Ambiguity in Legal Interpretation: William Eskridge's Response
1. I have argued in both historical work (101 Colum. L. Rev. 999) and empirical work (96 Geo. L.J. 1083) that judges applying textual plain meanings or finding ambiguities are influenced by their personal or political preferences and (relatedly) by normative concerns, at least in the "hard cases" SCOTUS hears. Does the authors' study confirm some evrsion of this idea? I am not sure.
2. The methodology for the questions seems to me to invite normativity from respondents: The authors repeatedly ask which reading of the statute is "better". I have no idea how a first-year law student would understand this kind of inquiry; I'd understand it as asking me to see "ambiguity" (or whatever) as a normative rather than a purely descriptive endeavor. It is hard for me to tell how serious a concern this is.
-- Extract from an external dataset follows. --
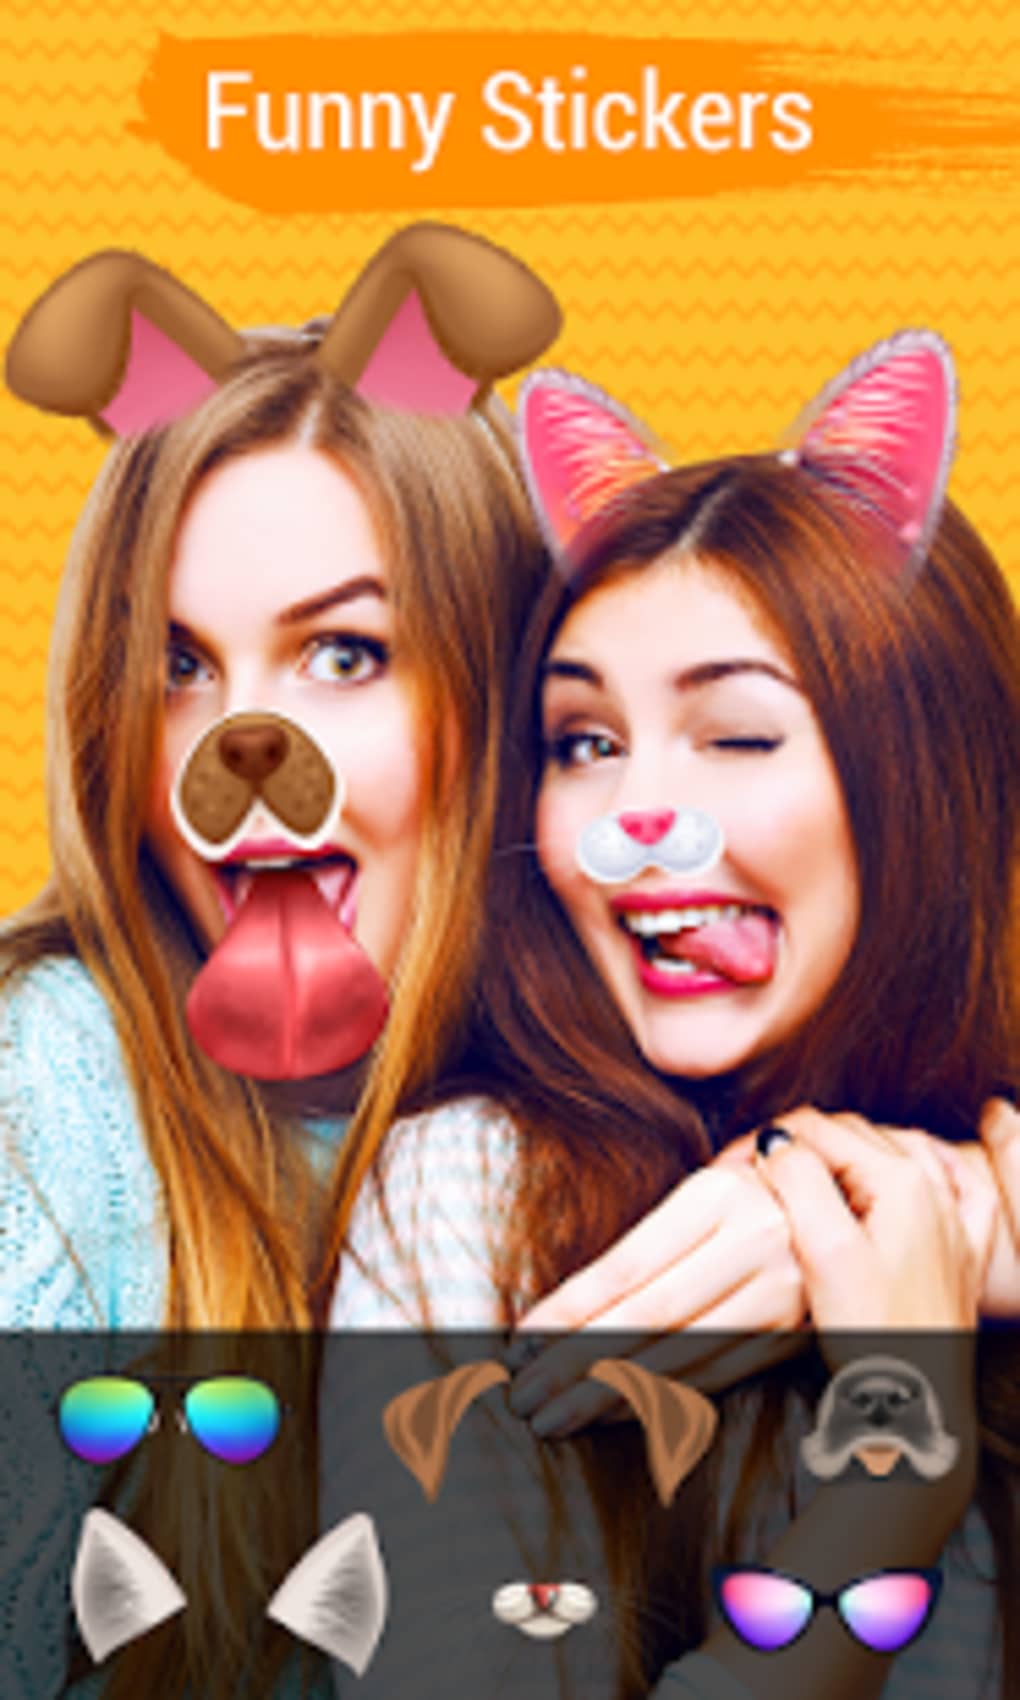 Apus Camera Hd Camera Editor Collage Maker Apk For Android

3. Using criminal statutes may muddy the experiment in several ways, as the authors discuss and maybe in one additional way. When I was a first-year law student, I was aware that criminal statutes were supposed to be construed in favor of the defendant; some students may know this, and that kind of knowledge may make questions about "ambiguity" ambiguous. Probably a minor concern, but it bugs me.
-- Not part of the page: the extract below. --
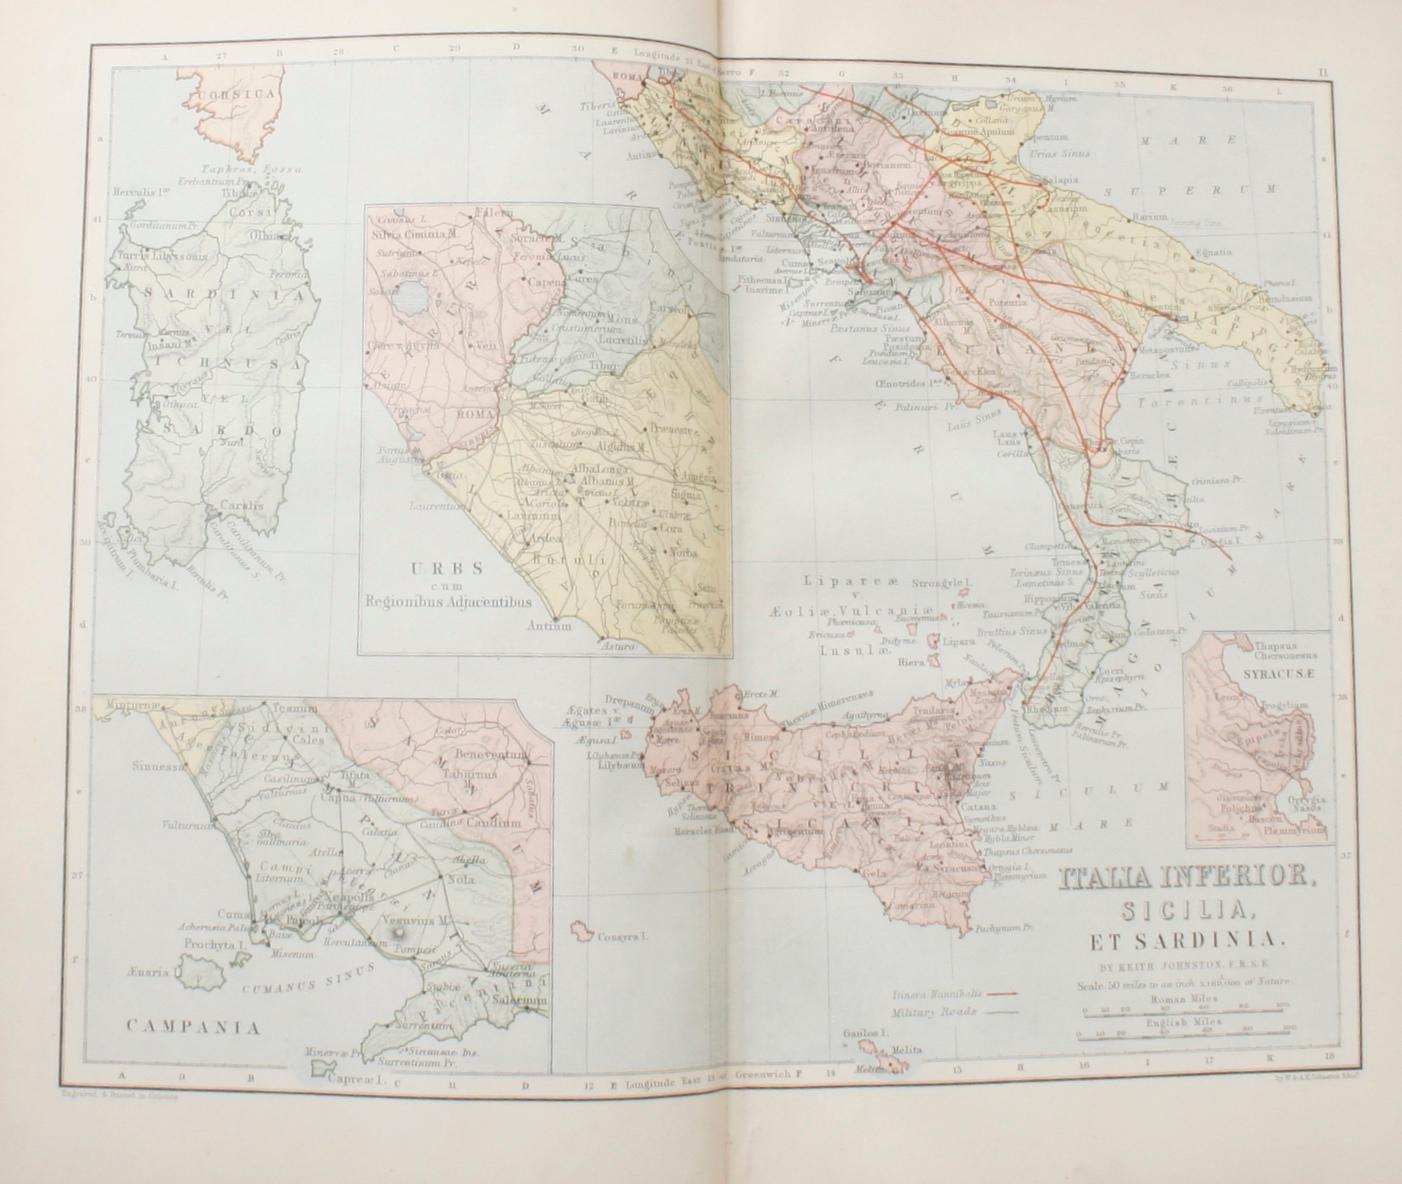 Paper Ginn & Company's Classical Atlas by Ginn & Company, First Edition

4. Can we generalize from first-year law students (taking the survey) to judges (who decide cases)? At this point, I do not see why we should make that leap. Judges know a lot more than law students, and they have been socialized into legal thinking; additionally, their decisions are accountable to critical scrutiny from other judges, from the press, from academics, and (for many state judges) from the public/voters. Are judges more "disciplined" in fencing out norms? I do not think so, and my empirical work suggests not, but I do not see how surveys of law students offer conclusive (or even strong) evidence about judges.
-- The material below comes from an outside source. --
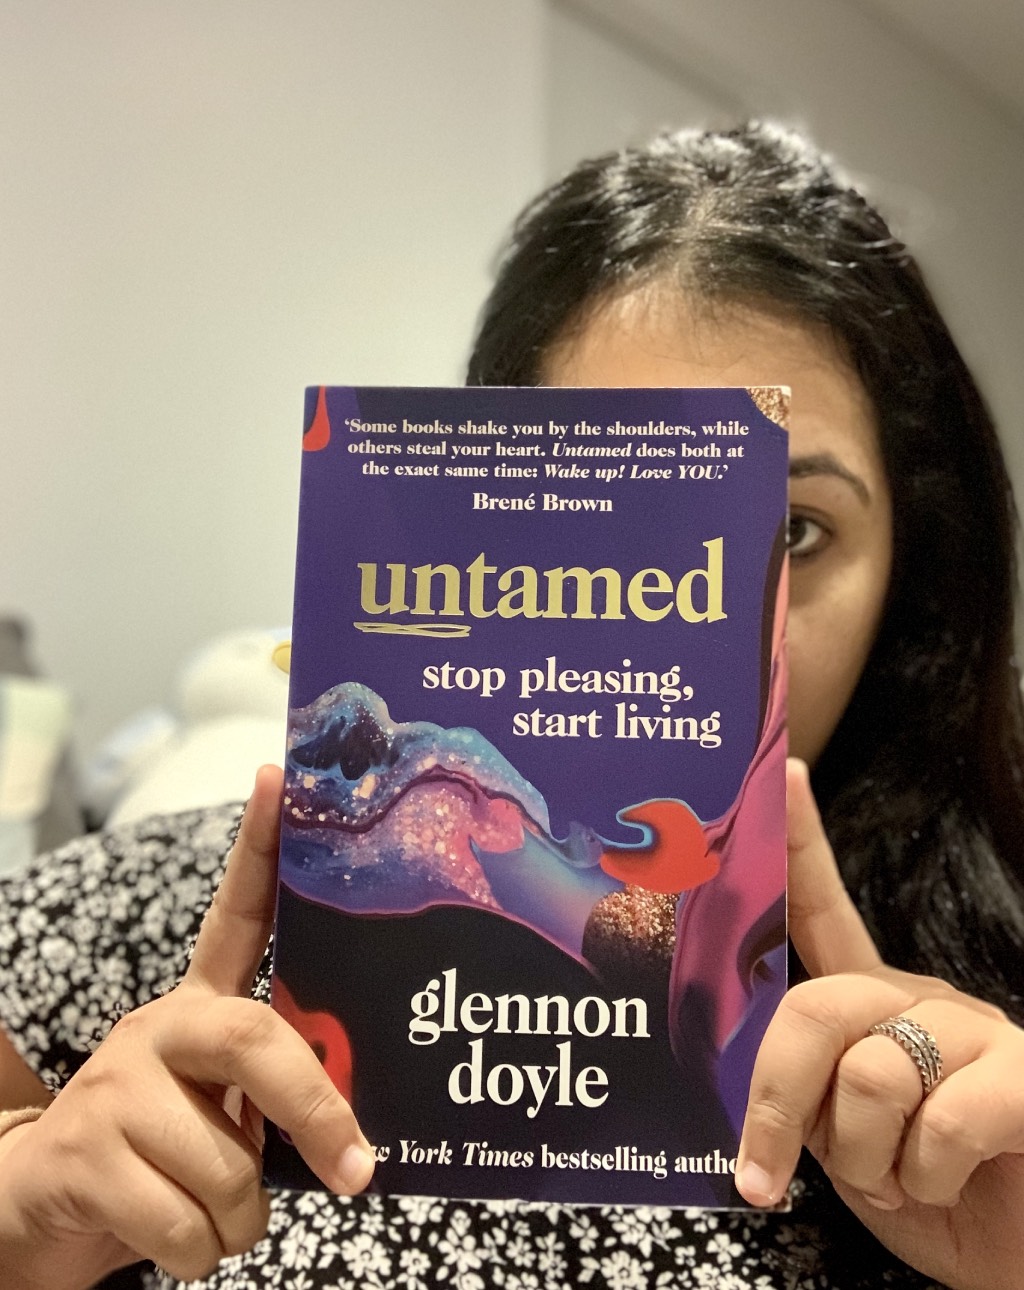 untamed book review nytimes

5. I am intrigued by the authors' finding that law students were less likely to bend text to reflect their preferences when the question concerned external meaning rather than their own understanding of meaning. For the reasons noted above, I am not sure the authors have proven this, but it is a neat hypothesis. It does strike me that older, legally savvy judges might not be so much influenced by the wording of the inquiry, however.
6. How best to prevent judges (not just law students!) from importing their preferences into judgments about plain meaning/ambiguity? This may be an impossible task, but if some headway can be made against this tendency, there is empirical work suggesting one source as potentially constraining. Jim Brudney and Corey Ditslear have done important empirical work arguing that considering legislative history, and not just text and textual canons, actually counterbalances political preference. They have an article in Judicature making this point, and perhaps more recent articles.
Anyway, this is an area for fruitful inquiry. Thanks to the convenors and the authors.